TO DO: Begin at the line containing "Colon Cancer Awareness T-Shirt" and copy exactly through the last line of the listing, skipping every picture.

THE DATA:
##########

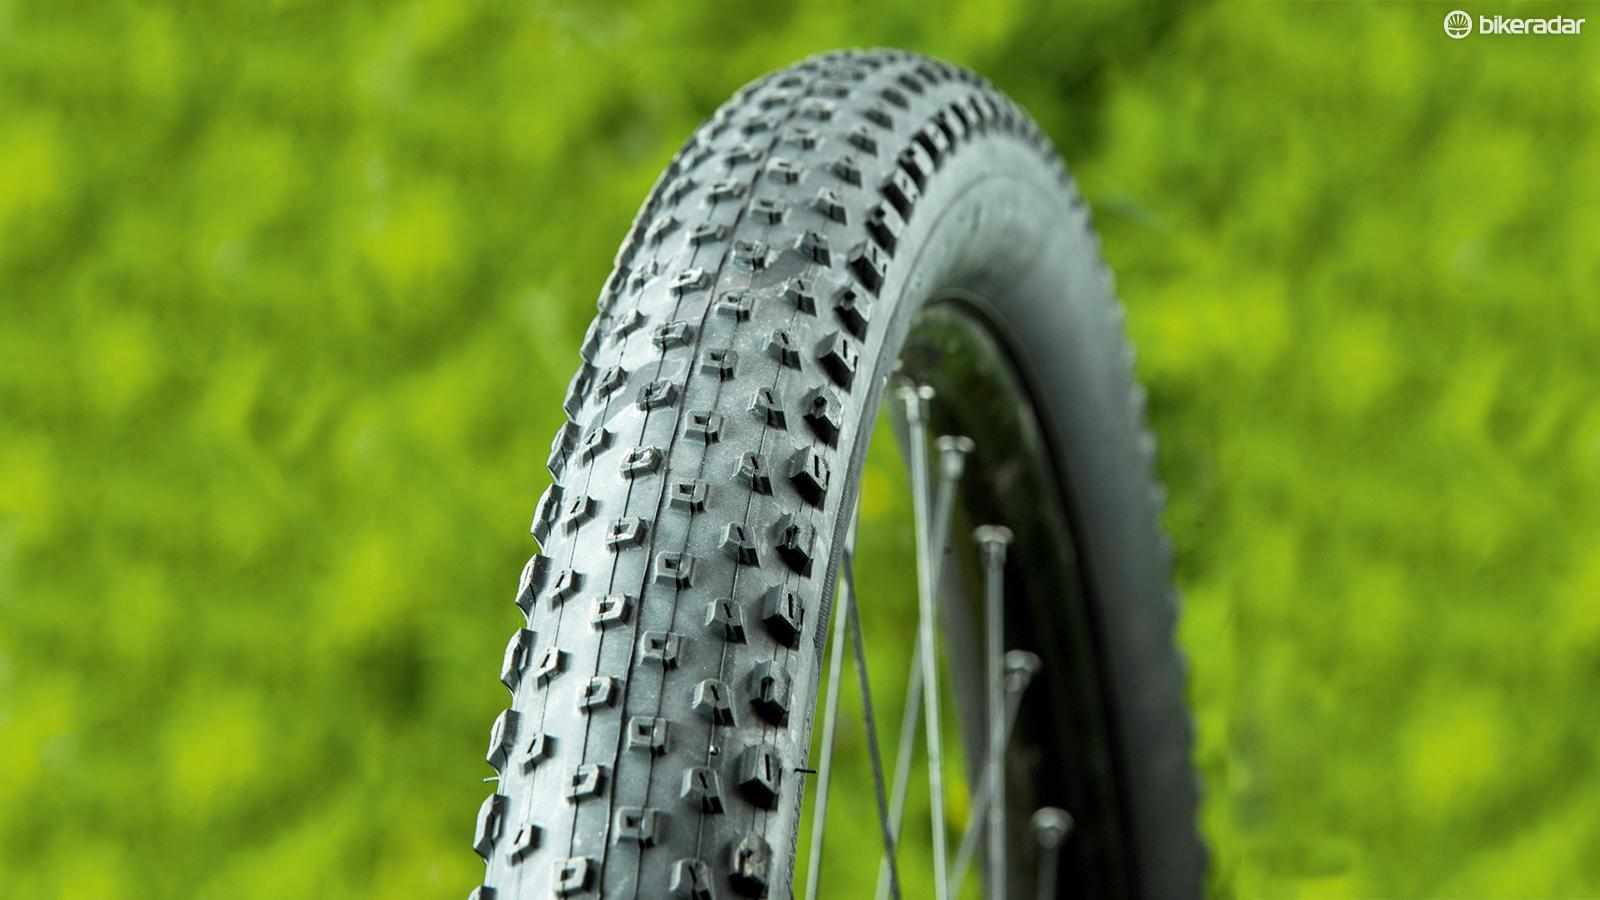 Bontrager XR2 Team Issue mountain bike tyre
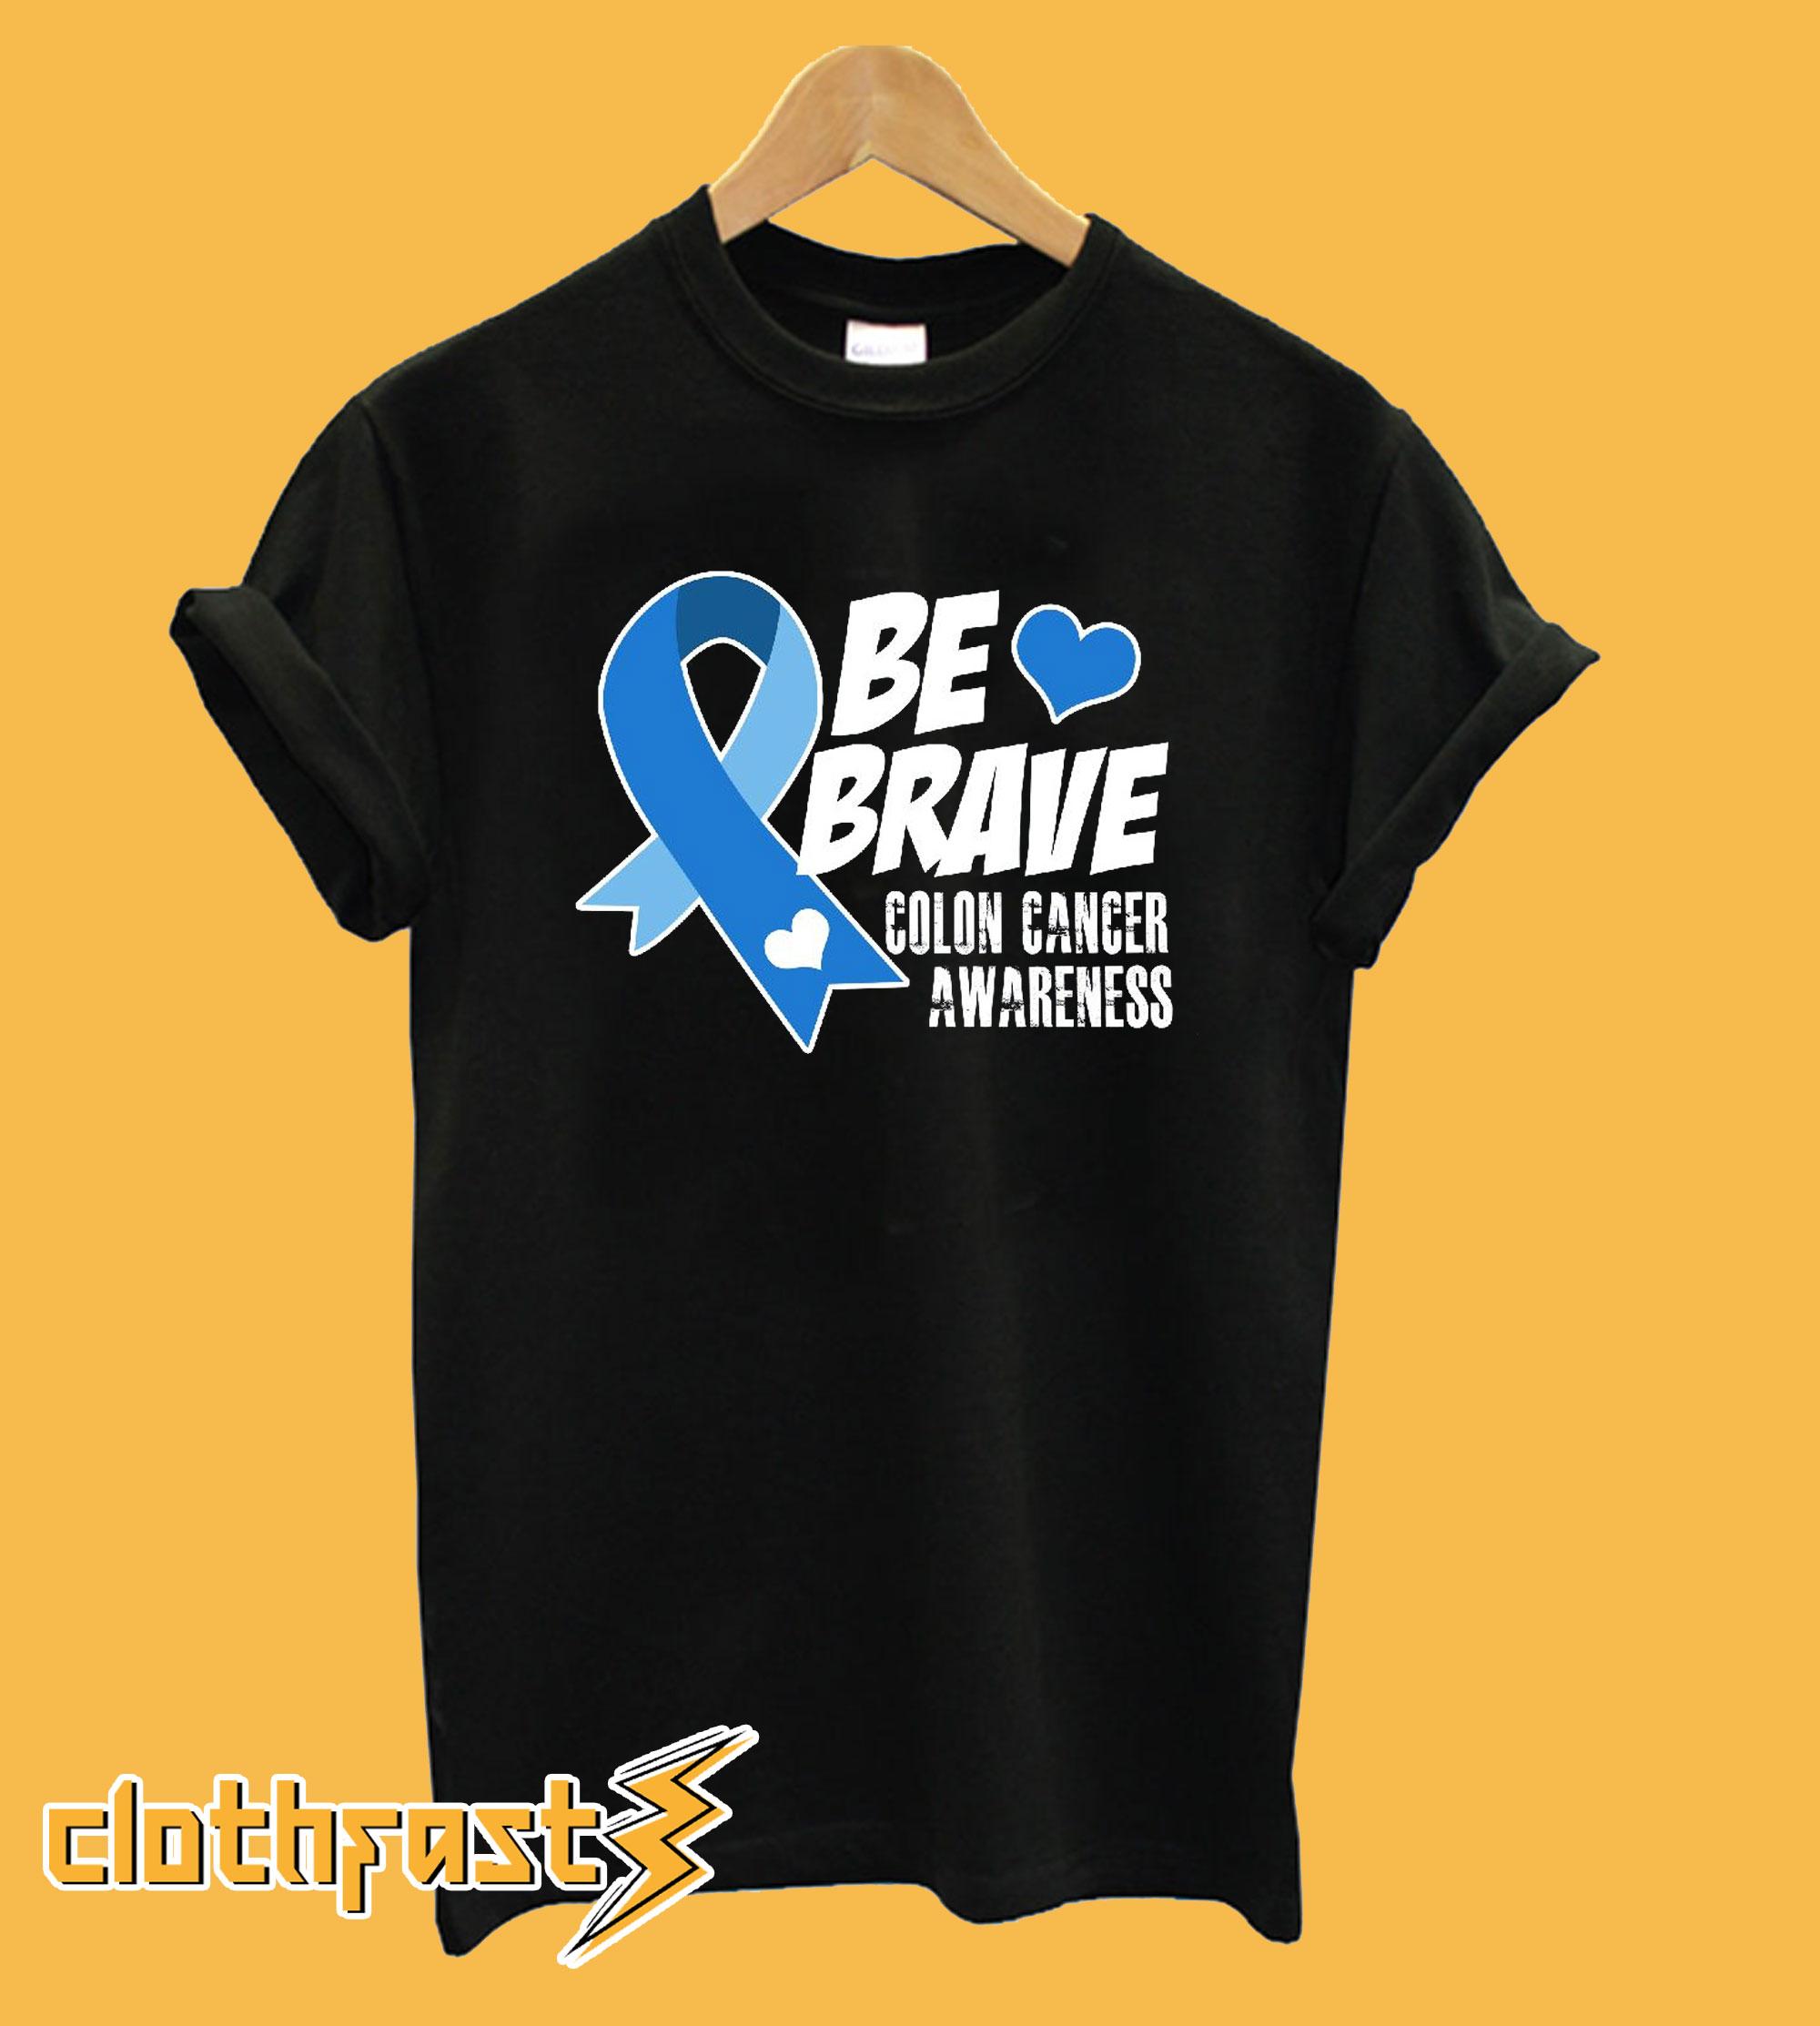 Colon Cancer Awareness T-Shirt
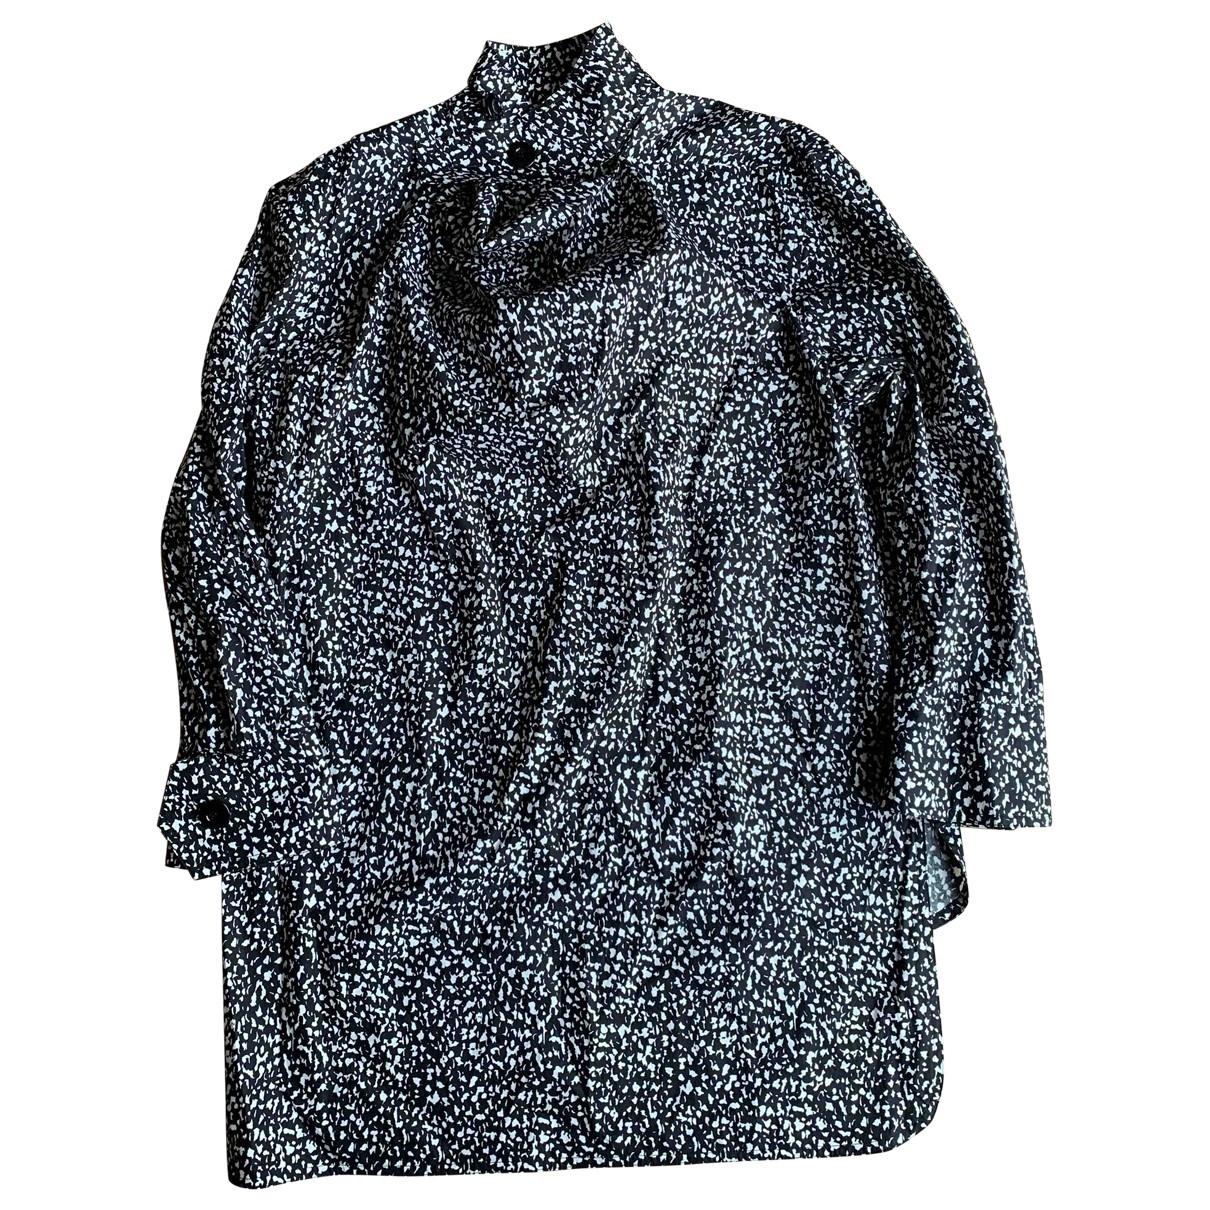 Marni \N Multicolour Cotton dress for Women 38 IT

##########

EXPECTED OUTPUT:
 Colon Cancer Awareness T-Shirt
 Marni \N Multicolour Cotton dress for Women 38 IT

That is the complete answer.